The cuckoos are calling, the magpies chattering. Roe deer are running about. But nobody can say if they’ll carry on multiplying. One morning, I looked into the orchard and there were boars grubbing about. Wild boars. You can resettle people, but not the elk and the boars.
Aside from the resilience of nature, for the people, the stories have an air of escalating horror, after the deaths of the firefighters in the immediate aftermath, to be followed by the children who are still getting sick years later, to a clean-up worker who goes home and throws out all his clothes – except his cap, which his son claims – only for the child to be later diagnosed with a brain tumour. Fatalism takes over, as farmers share meals harvested from contaminated soil with the clean-up workers and the evacuees only realise that they haven’t changed their clothes as they settle into their new locations.
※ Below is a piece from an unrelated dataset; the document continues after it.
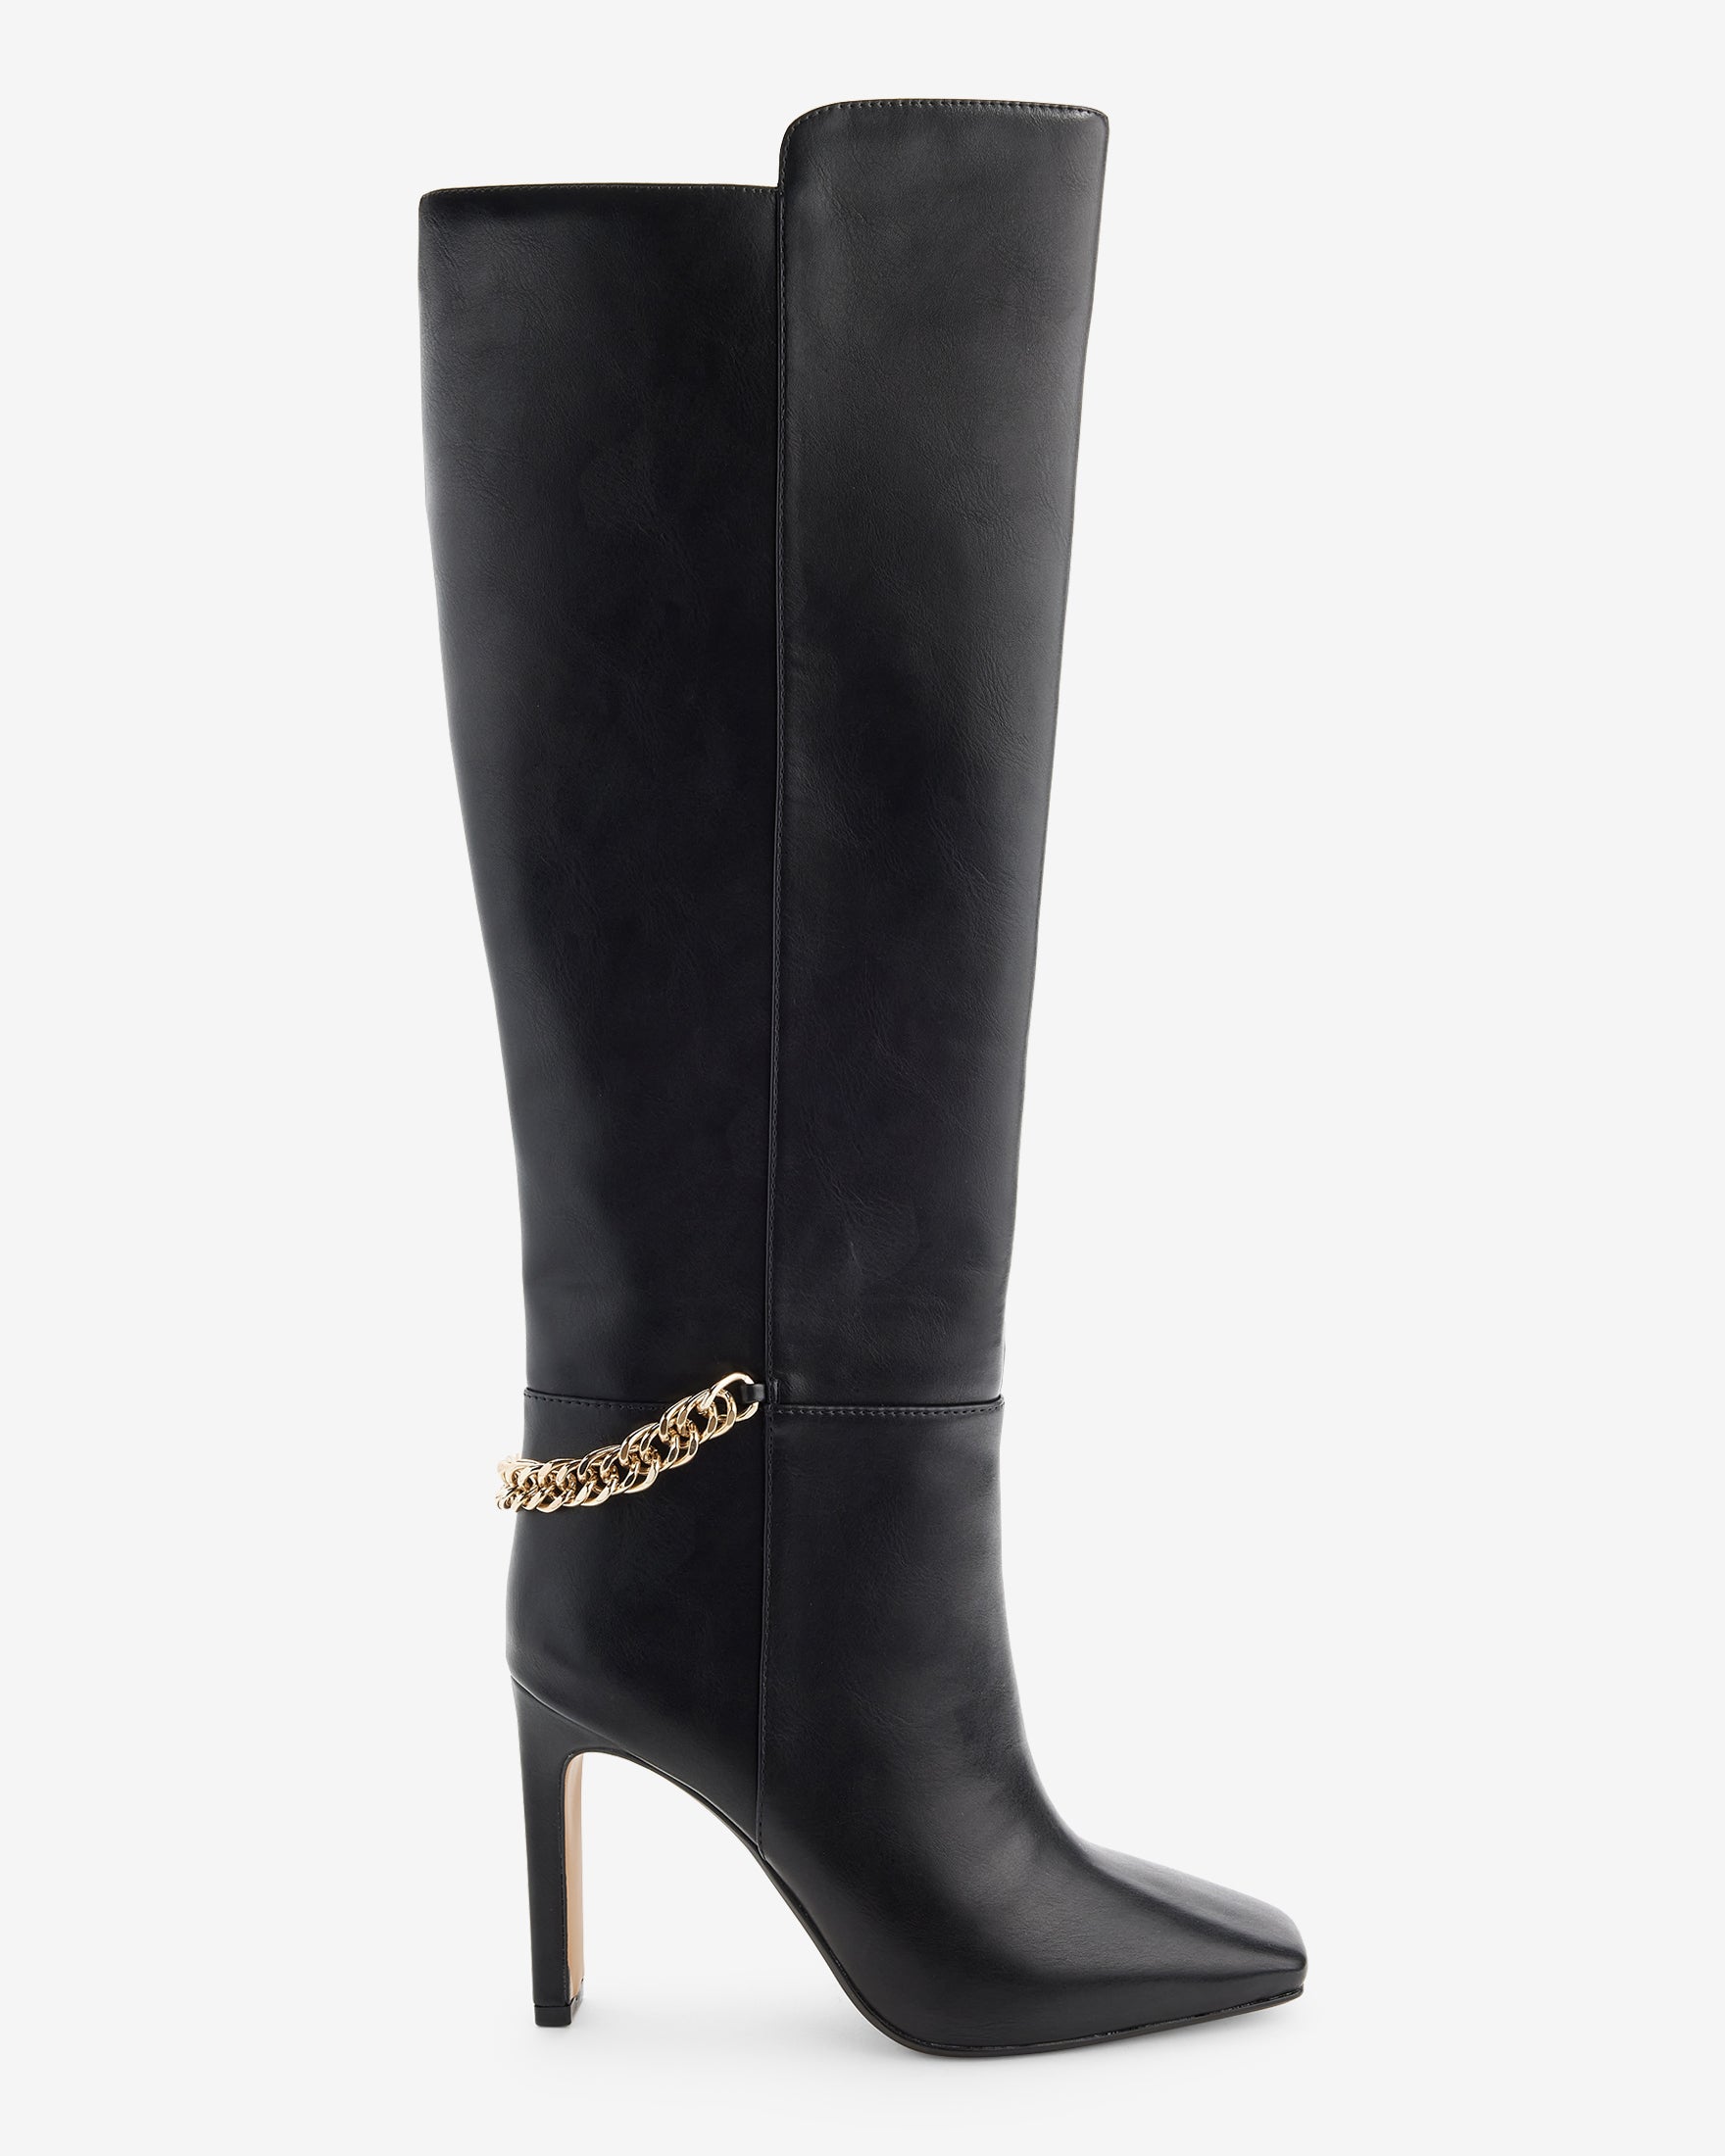 Tall black leather boots with thin gold chain covering back ankle area

In no way could you call Chernobyl Prayer an easy read. The inclusion of a monologue from a Belarusian physicist who knew exactly what was going to happen, telling of supervisors ignoring him, warnings not issued, evacuations not started, iodine going undistributed – even as Party insiders protect themselves and their families – chills the blood. ‘If we were still a closed system today, behind the Iron Curtain, people would be living right next to the reactor itself.’ Such recollections have the effect of allowing the reader to ‘eavesdrop’ on conversations it feels like we were never meant to hear.